At a time when public-sector union advocates are sounding alarm bells due to the Supreme Court’s impending ruling on Governor Bruce Rauner’s pet anti-union lawsuit Janus v. AFSCME, some local unions and their members are quietly fighting back with legal action of their own.
In late February, the International Union of Operating Engineers Local 150, based in Countryside, Illinois, filed consecutive federal lawsuits and assisted on a third in Wisconsin. (The union is an investor in Sun-Times Media, the parent company of the Reader.) They’re meant to send a collective message to the SCOTUS: If you side with Illinois governor Bruce Rauner and other conservatives against unions in this case, you open what Ed Maher, a spokesperson for the International Union of Operating Engineers, calls “a Pandora’s box of unintended consequences.”

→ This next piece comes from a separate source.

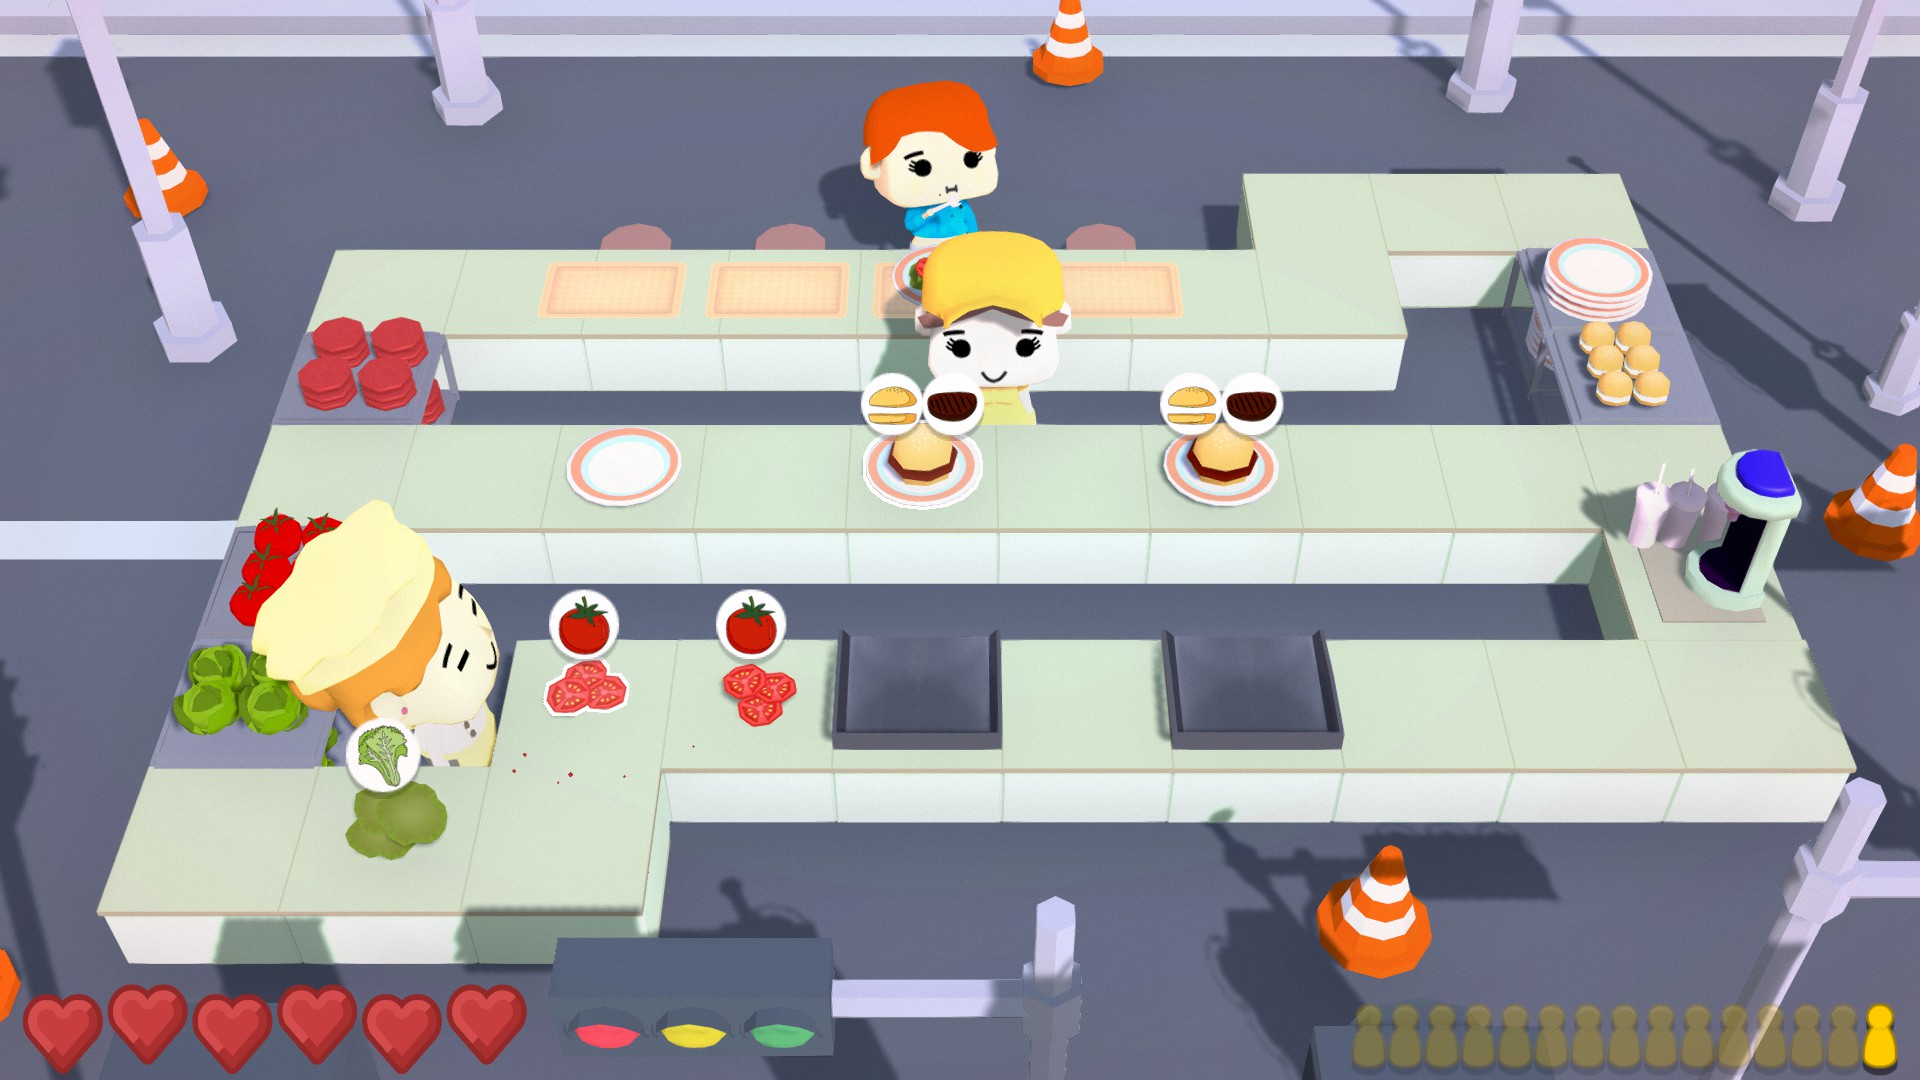 diner bros the game free

“We’re hoping the court will consider [our arguments],” said Maher. “We hope that the court will rule based on merits of the law itself and not political partisanship.”

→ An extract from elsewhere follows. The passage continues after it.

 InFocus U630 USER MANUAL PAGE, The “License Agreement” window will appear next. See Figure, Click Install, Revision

Janus v. AFSCME was spearheaded by Rauner, who has long put hobbling unions near the top of his to-do list. One of his first actions as governor was issuing an executive order in February 2015 that aimed at imposing “right-to-work” rules on public employees, then filing a preemptive federal lawsuit that sought to have his decision declared legal. The Illinois courts dismissed Rauner from the suit but allowed it to be fronted by Mark Janus, a social worker for the state of Illinois. Janus sued the American Federation of State, County, and Municipal Employees Council 31 using the First Amendment to argue for the right to refuse to join AFSCME and pay fair-share fees to cover the cost of representing him.
The case went to the nation’s highest court this week, with the justices hearing oral arguments on Monday. Perhaps it was the prospect of a Janus victory that made Governor Rauner giddy enough to make his first official visit to Washington, D.C., since taking office. On Sunday he took to the nation’s capital to visit the Trump White House, and on Monday he listened to the Supreme Court’s arguments on the case the governor said in September would be “transformative for the state of Illinois, transformative for America and the relationship between our taxpayers and the people who work for our taxpayers.”

There’s a good chance Rauner will have his wish. Now that Trump appointee Justice Gorsuch has tipped the court toward conservative causes, legal experts predict that the SCOTUS will eventually rule five to four in favor of Janus. “I’m highly confident” about the outcome, Rauner said in December. “With Gorsuch at the Supreme Court, we believe we will prevail.” Such a decision would end compelled union dues for public employment in 22 states—including Illinois—and turn them into what conservatives like to call “right-to-work” states.
That’s partially why on February 21, engineer Dixon O’Brien and his union, Local 150, issued a suit against the Chicago suburb of Lincolnshire. The suit objects to village officials using taxpayer dollars to fund a statewide lobbying group, the Illinois Municipal League, which supports Rauner’s anti-union “Turnaround Agenda.” Lincolnshire was also the only unit of local government in Illinois to adopt a local right-to-work zone, according to the suit. O’Brien essentially uses the free-speech grounds of Janus’s argument against it—saying he objects to the use of his tax money to fund private organizations that “engage in other political activities that run directly against his economic interests and his political beliefs.”
It’s similar in argument to the federal lawsuit filed on the next day, February 22, in which James M. Sweeney and Local 150, based in Countryside, filed a federal suit against Rauner, attorney general Lisa Madigan, and Kimberly Stevens, executive director of the Illinois Labor Relations Board. The suit alleges that Rauner’s executive order and federal lawsuit leading to Janus v. AFSCME was “impermissible” and that it violated its members First and 14th Amendment rights.
The suit says that the Janus claim that it violates the First Amendment right of a nonmember to be forced to pay union dues that are required by law to provide representation and services, that in turn unions and their members would also suffer the same infringement of their First Amendment right to freedom of speech and association.
“…It equally violates the rights of the union and its members to require them to use their money to speak on behalf of the non-member. This is so because the right to speak and the right not to speak are two sides to the same coin.”
The third federal suit came on February 23, filed by the International Union of Operating Engineers Locals 139 and 420 against Wisconsin governor Scott Walker. It challenges a law he signed in 2011 that greatly restricts public employee collective bargaining rights.
All three of these cases, says Maher, are about making the government face the consequences of ruling with Janus. That if he doesn’t have to pay his agency fees because collective bargaining is speech he disagrees with, that makes the very act of collective bargaining—speech. And therefore can’t be restricted. In other words, Janus unintentionally argues for unions’ right to free speech.
“If this is the way the Supreme Court rules, it will be hard to limit free speech of unions,” Maher says. “This Janus case has been presented [by conservatives] as providing workers with a choice, but they already have a choice not to pay for the political speech of unions. This is the choice to get collective bargaining and not having to pay for it—something for nothing.”